Frontier models are failing one in three production attempts — and getting harder to audit

3 2 minutes read

AI agents have become an integral part of enterprise workflows, but they are still struggling to perform reliably on structured benchmarks, failing roughly one in three attempts. This discrepancy between capability and reliability is identified as the primary operational challenge for IT leaders in 2026, as highlighted in Stanford HAI’s ninth annual AI Index report.

The report introduces the concept of the “jagged frontier,” a term coined by AI researcher Ethan Mollick to describe the boundary where AI excels and then suddenly fails. Despite significant advancements in AI models in 2025, with enterprise AI adoption reaching 88%, there are still areas where these models fall short.

For example, while leading models have shown remarkable progress on benchmarks like Humanity’s Last Exam (HLE) and MMLU-Pro, scoring above 87% and 30% improvement, respectively, they still struggle with tasks like telling time accurately.
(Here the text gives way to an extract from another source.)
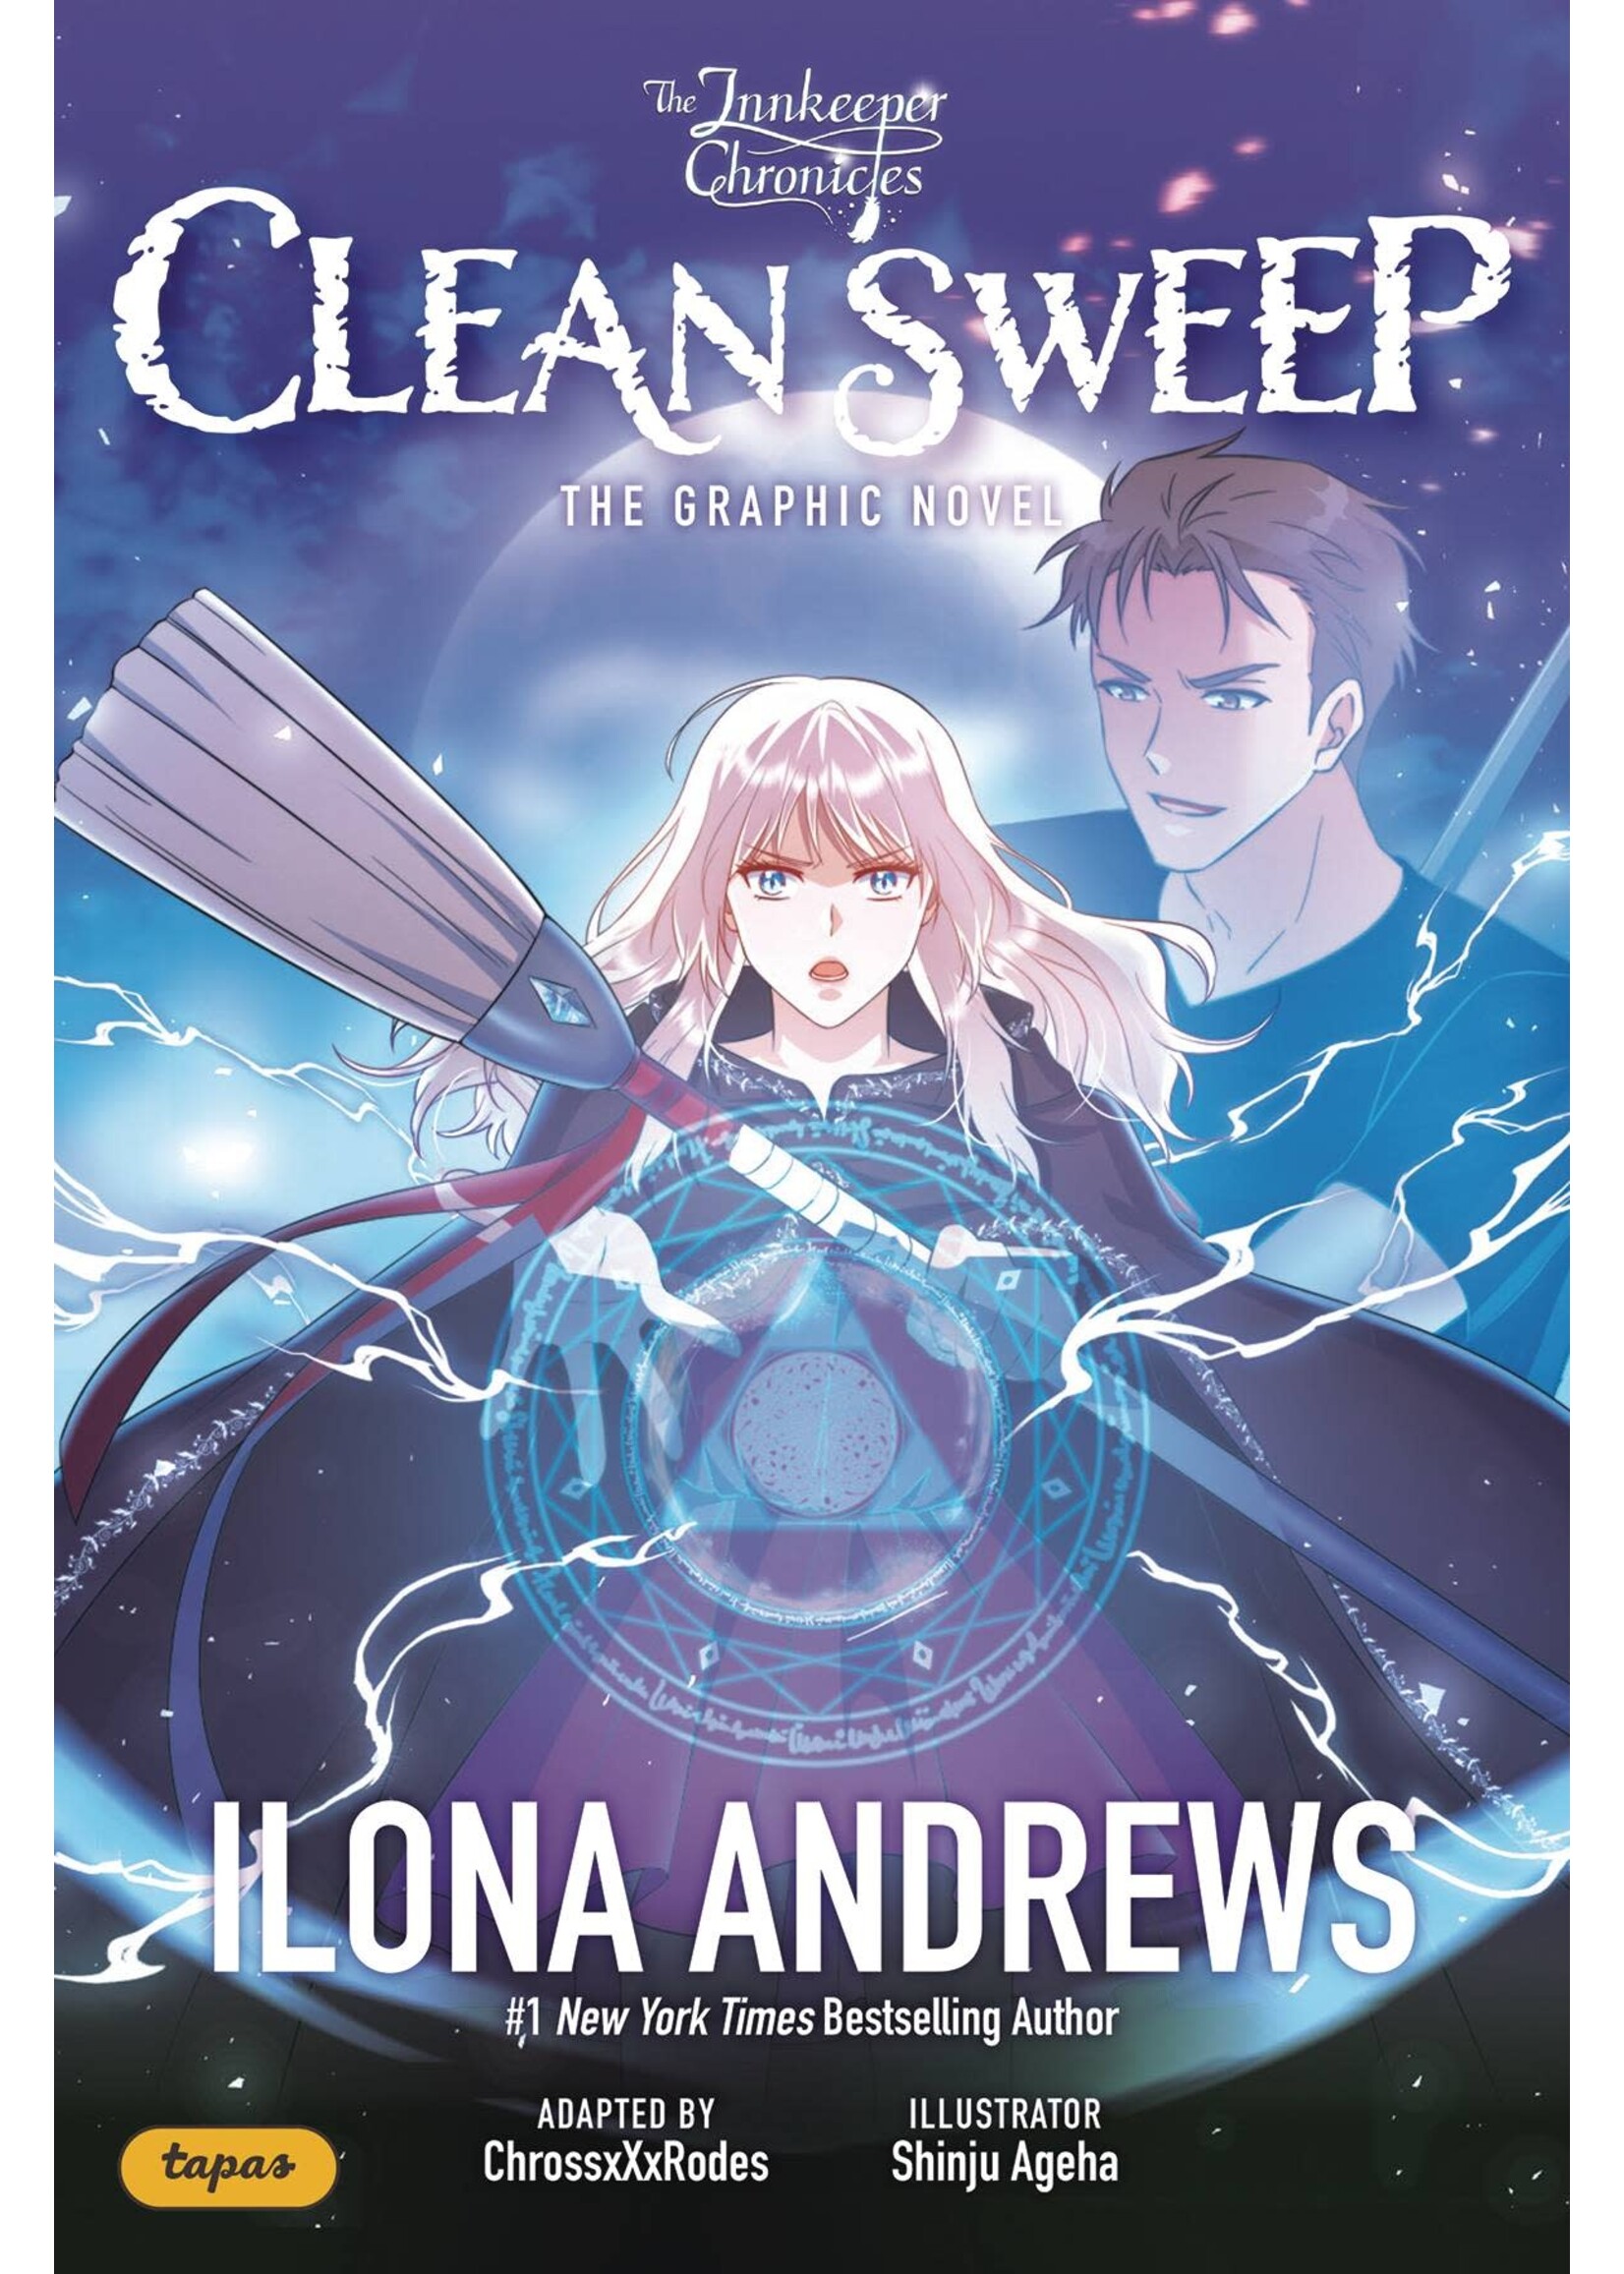 ANDREWS MCMEEL INNKEEPER CHRONICLES CLEAN SWEEP GN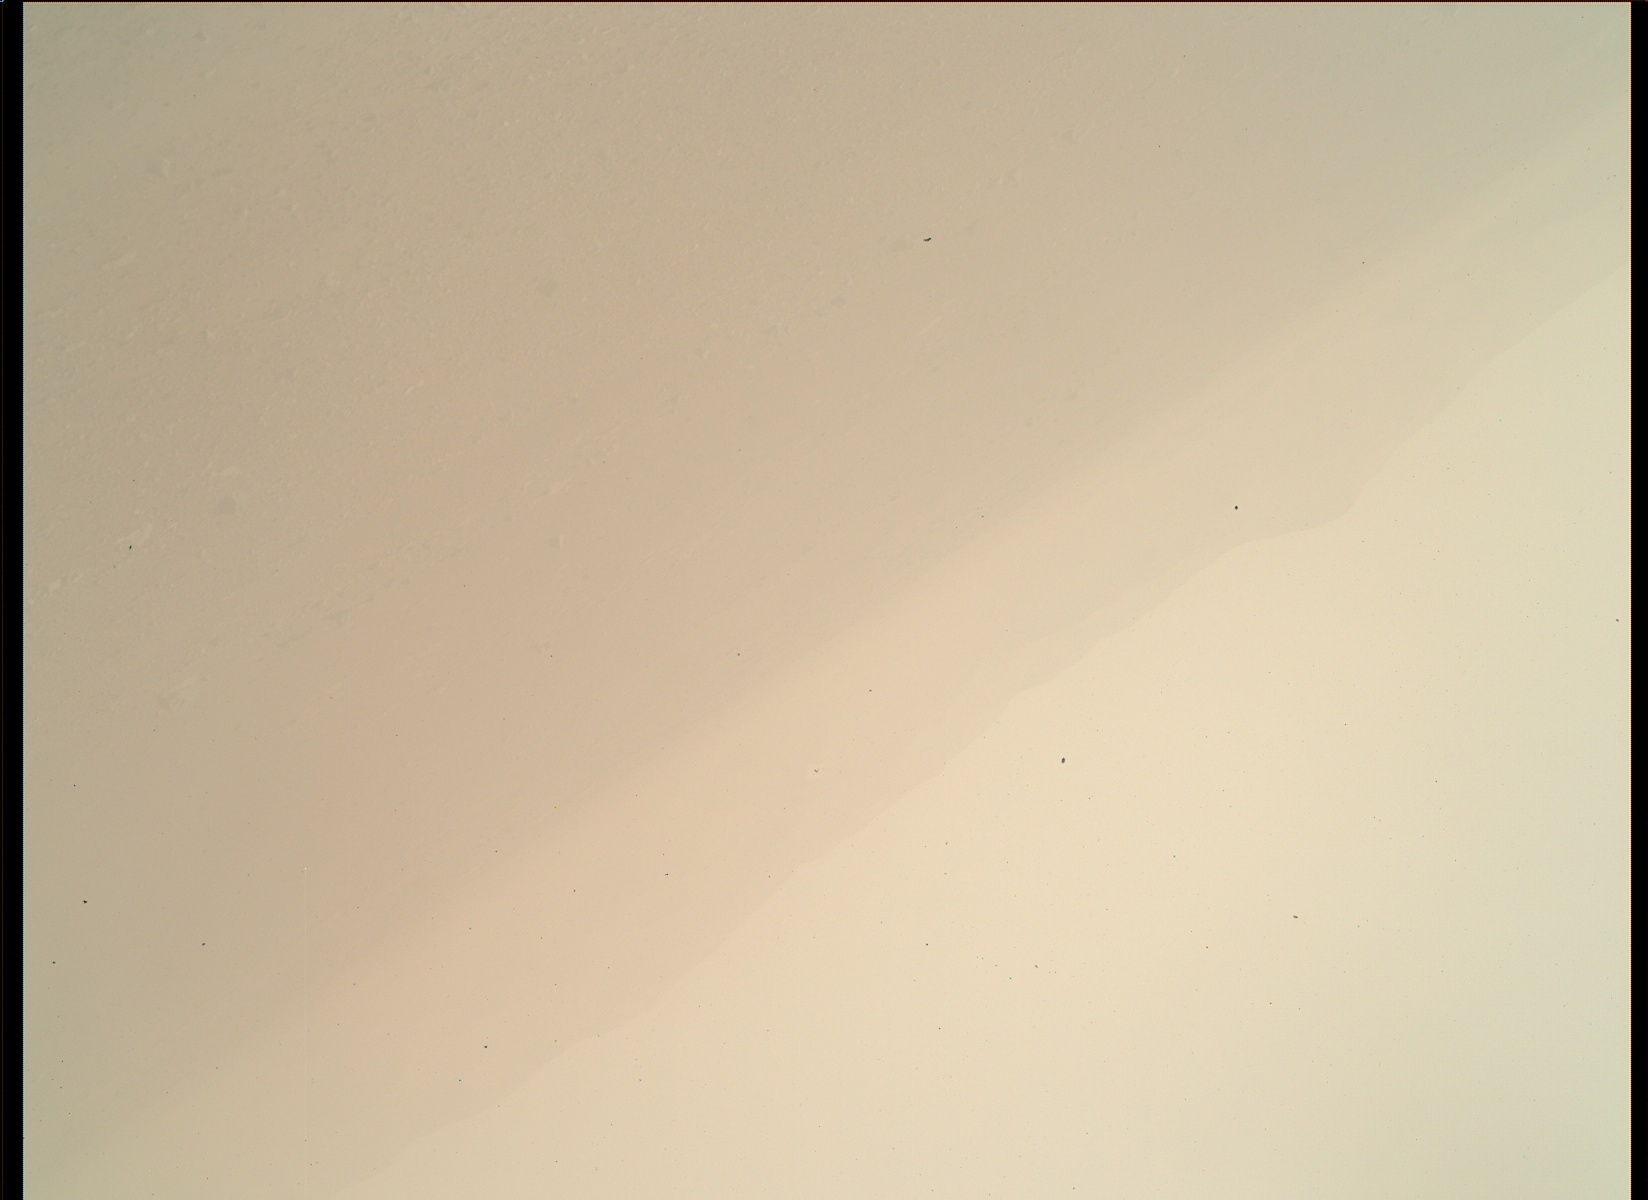 Nasa's Mars rover Curiosity acquired this image using its Mars Hand Lens Imager (MAHLI) on Sol 1

This disparity is evident in benchmarks like ClockBench, where AI models like Gemini Deep Think and GPT-4.5 High only achieved around 50% accuracy compared to humans’ 90%.

Moreover, AI models continue to face challenges in areas like hallucination rates, multi-step reasoning, and transparency. While some models excel in certain tasks, others struggle with basic perception tasks and reasoning workflows. Additionally, the lack of transparency in model development and evaluation methods is a growing concern, with leading models becoming increasingly opaque and withholding crucial information like training code and dataset sizes.

Furthermore, benchmarking AI progress has become increasingly challenging due to issues like bias reporting, benchmark contamination, and discrepancies between developer-reported results and independent testing. As AI capability outpaces the benchmarks designed to measure it, there is a need for more reliable and comprehensive evaluation methods that can accurately assess AI performance in real-world scenarios.

The report also highlights concerns about data sustainability and scaling, with researchers warning of a potential “peak data” scenario where the pool of high-quality human data is exhausted. To address this, researchers are exploring hybrid approaches that combine real and synthetic data to enhance model training and performance.

In conclusion, while AI capability has surged in recent years, there are still significant gaps in reliability, transparency, and responsible AI practices that need to be addressed. IT leaders and developers must focus on bridging the divide between AI’s demonstrated capabilities in demos and its real-world performance in production environments. By prioritizing transparency, reliability, and responsible AI practices, the AI industry can continue to advance while ensuring the ethical and safe deployment of AI technologies.